L’apparenza del presente

In the long run we are all dead’. Questa ben nota – ed incontestabile – sentenza di Keynes viene spesso usata per incitare ad operare per il presente, magari fino ad un semplicistico carpe diem che sembra non cogliere la paradossale contraddizione: il vuoto di senso del presente di coloro che dicono che tanto, presto o tardi, saranno tutti morti. L’adesione al presente, alla sua diretta immediatezza, che come tale è solo semplice-presenza. Anche il Tao raccomandava di ‘nutrire la vita’, preservando la persona e giungendo alla fine dei propri anni. O, come disse Chuang-Tzu rifiutando potere ed onori, ‘meglio vivere e trascinare la coda nel fango’. Sublime saggezza dell’esistente; ma vivere del – e nel presente non è ancora pensare il presente come consapevole tema degno di riflessione.

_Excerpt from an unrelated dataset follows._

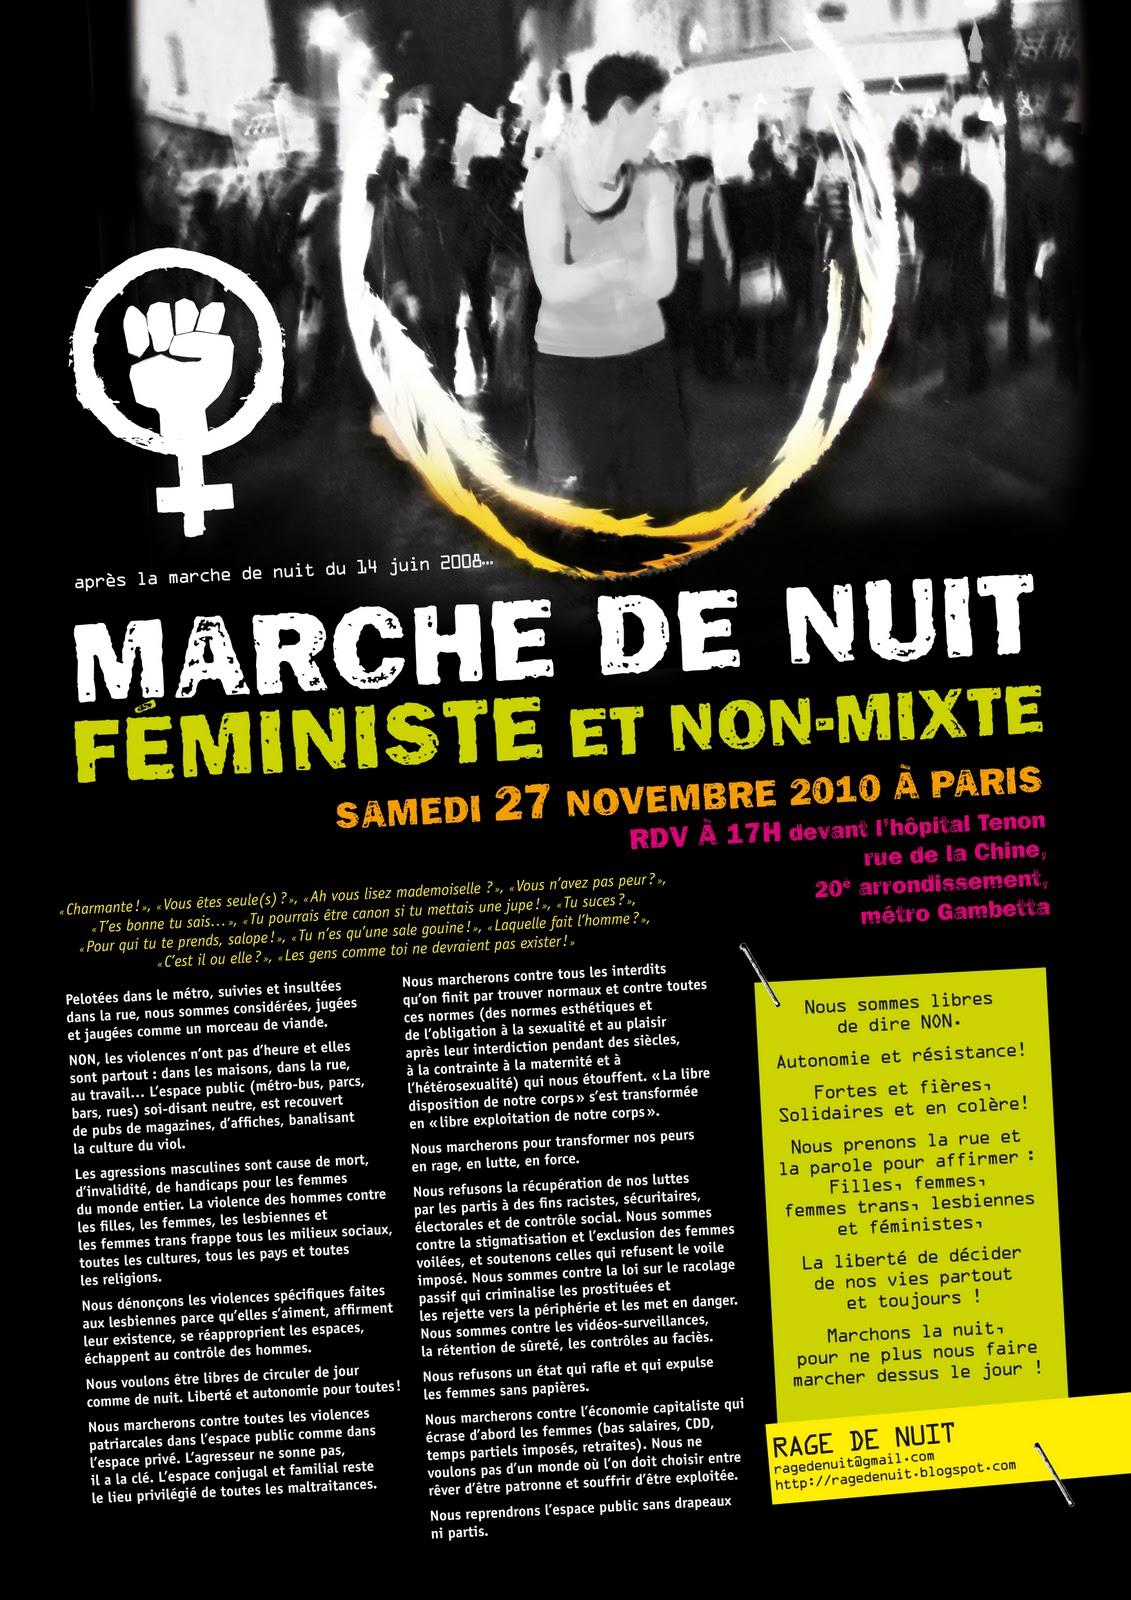 Manifestations féministes non-mixtes de nuit à Paris et à Lille AfficheA3couleur

Proviamo ora a fare un passo in un’altra prospettiva. Marx chiamava comunismo ‘il movimento reale che abolisce lo stato di cose presenti’. Qui l’accento, direzionandosi al futuro, sembra posizionarsi, al di là di ogni manierismo hegeliano, sul superamento del presente. Certo, il dinamismo del movimento rivoluzionario marxiano non ha la rigidità deterministica in cui poi si insabbierà la versione engelsiana, per cui il comunismo sarebbe la dottrina delle condizioni di liberazione del proletariato. Ma in ambedue i casi la relazione è chiara: il presente analizzato in vista della sua diacronica abolizione.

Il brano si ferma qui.